Ethan Dmitrovsky Receives ACS Clinical Research Honor
April 18, 2008
Ethan Dmitrovsky, MD, the Andrew Wallace Professor of Pharmacology and Toxicology, professor of medicine at Dartmouth Medical School, and co-director of the Cancer Epidemiology and Chemoprevention Research Program at Norris Cotton Cancer Center, has been named a Clinical Research Professor by the American Cancer Society. This honor, only awarded to two or three people each year, is the ACS's leading grant award, and it recognizes a researcher's contributions to science and to patient care, and supports their work in mentoring future generations of researchers.
The multi-year grant will support Dmitrovsky's ongoing studies of innovative ways to treat and prevent lung cancer, the number one cause of cancer death for men and women in the United States.
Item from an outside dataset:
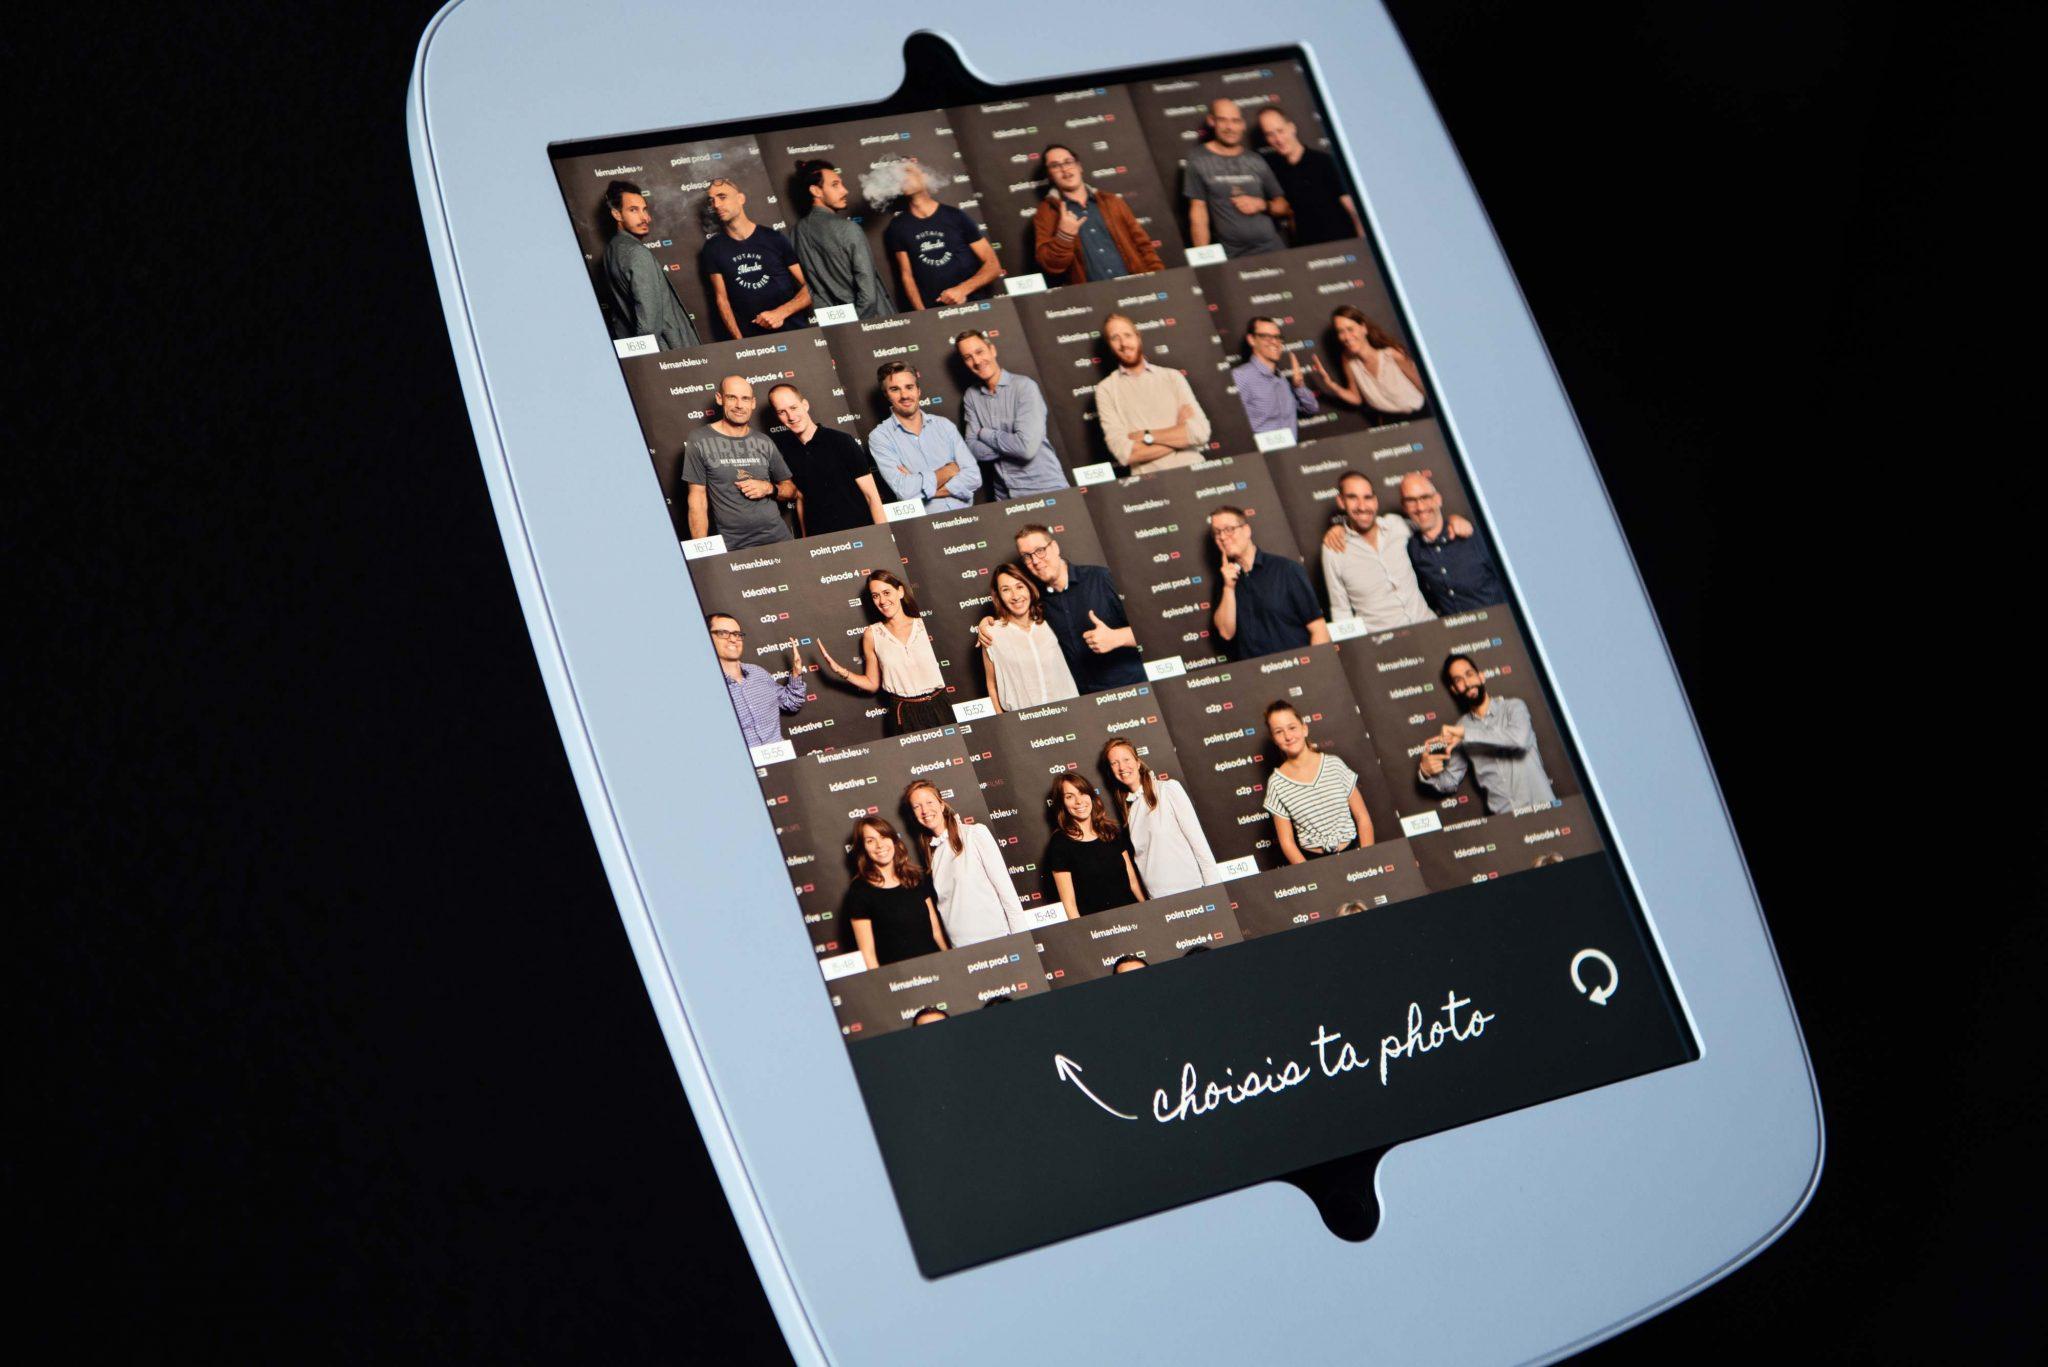 Photocall geneve iPad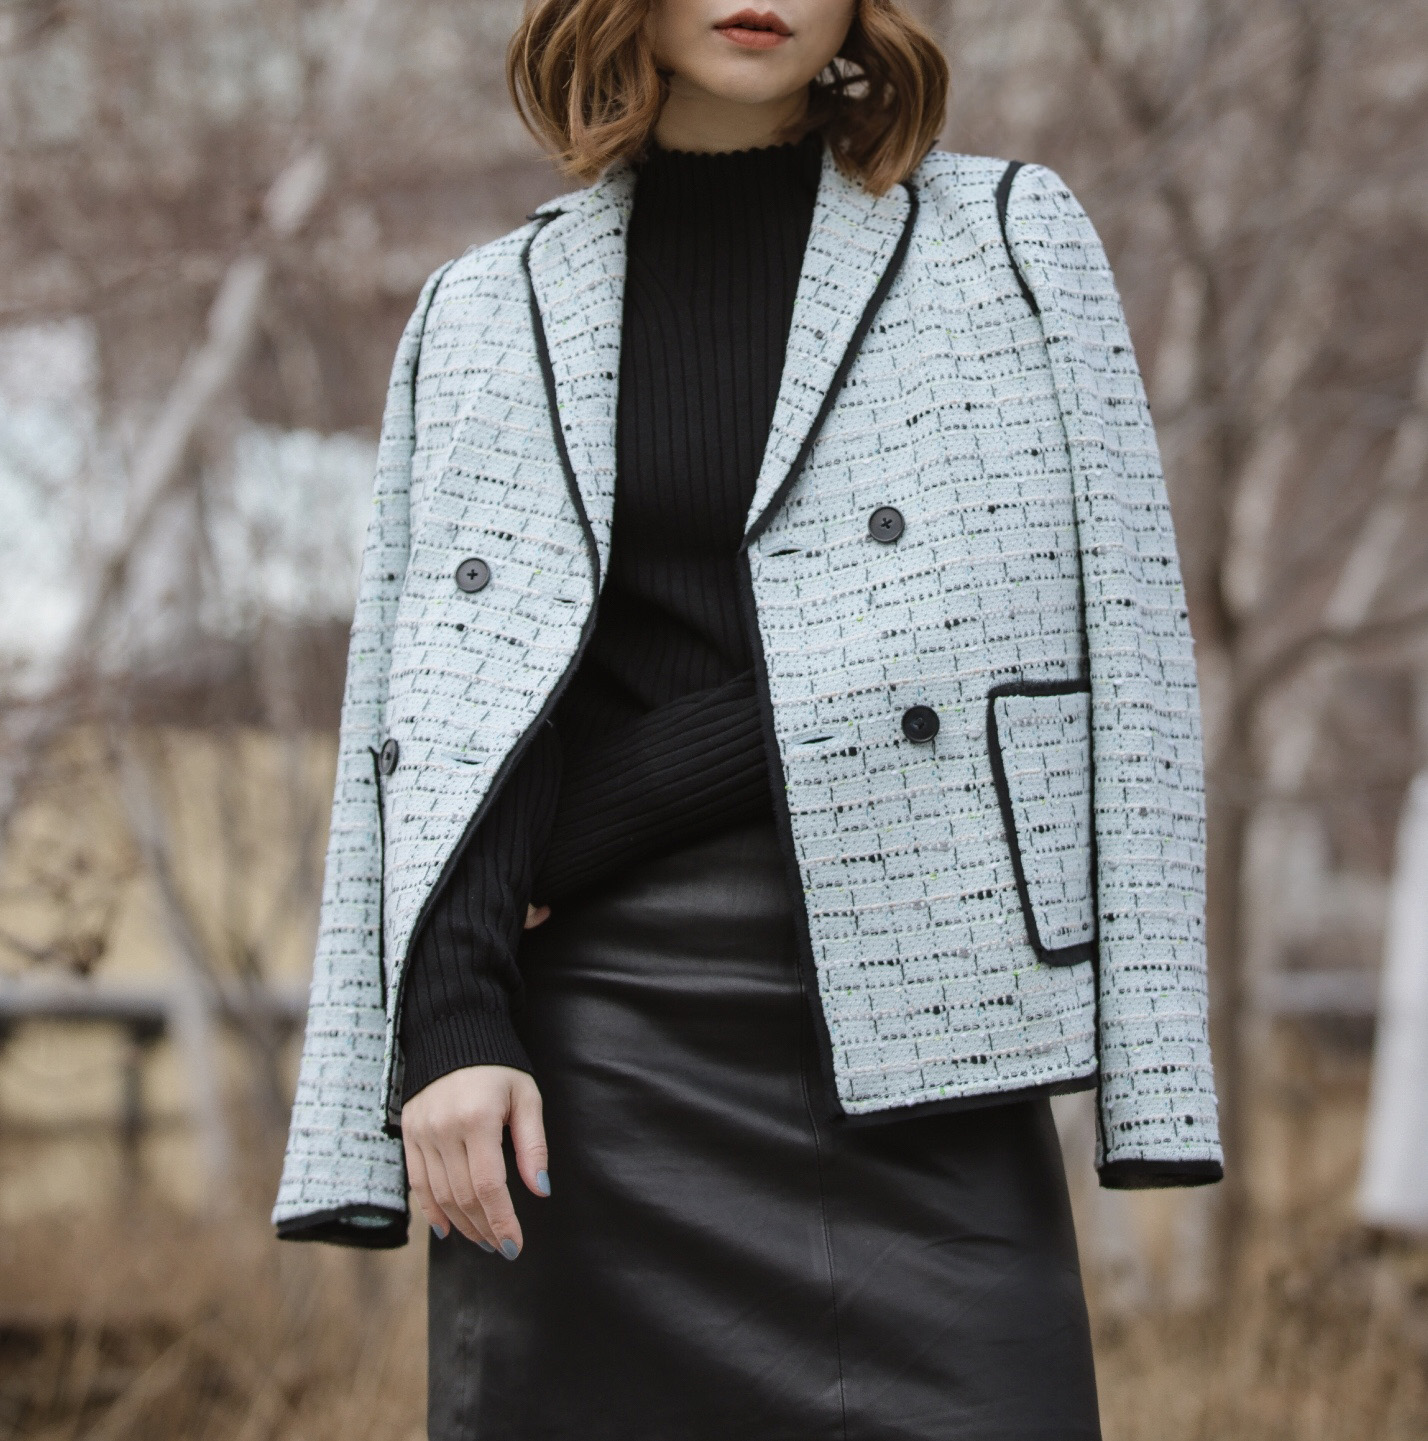 st john knits adriana multi tweed jacket tcurate.jpg

"This is really recognition for my team and for Dartmouth," says Dmitrovsky. "We've made tremendous progress while I've been working here due to the collaborative efforts of my outstanding colleagues from Norris Cotton Cancer Center, Dartmouth-Hitchcock Medical Center, Dartmouth Medical School, and Dartmouth College. Our team is now moving research findings in lung cancer from the laboratory bench into the clinic."
Dmitrovsky's team is particularly interested in retinoids, natural or synthetic compounds derived from vitamin A used in cancer therapy and prevention. This group has systematically chipped away at understanding the pathways and mechanisms of the retinoids and their effect on lung cancer biology and treatment.
"The research conducted by Ethan's laboratory has made major contributions to the development of targeted therapies now widely used in cancer treatment," says Mark Israel, MD, Director of Norris Cotton Cancer Center at Dartmouth-Hitchcock Medical Center. "He's doing important research, and he's a wonderful example of someone involved in translational research, where his findings are put to use treating patients."
Dmitrovsky describes his research as both translational and bi-directional. The latter refers to work moving discoveries made at the bench to the bedside, and then returning them back to the laboratory for refinement.
"This honor reflects Ethan's dedication to his work and to the community," says Dartmouth Medical School Dean Bill Green. "He is part of the team that provides contemporary cancer care to people in northern New England. This award from the ACS is well deserved."
Not only will the grant money support Dmitrovsky's laboratory, the award will also be used in Dmitrovsky's efforts to serve the broader cancer research and cancer survivor communities. For example, he serves on the board of scientific counselors of the National Cancer Institute and has been on the scientific advisory board of the Lance Armstrong Foundation.
"This significant grant from the ACS means a great deal to me and my team. I look forward to working with my colleagues to advance our research, put our findings to use in the clinic, and continue to serve the cancer community," says Dmitrovsky.
The American Cancer Society Research Professor and Clinical Research Professor grants are the most prestigious research awards made by the national program. These grants provide flexible funding for full-time investigators in mid-career who have made seminal contributions to cancer research and who will continue to provide leadership in their research area. The awards, for a period of five years with the possibility of one five-year renewal, are made through a highly competitive peer review process. Ordinarily, no more than two candidates in each category are appointed in any year. Only 25 Research Professors and 15 Clinical Research Professors are funded at any time.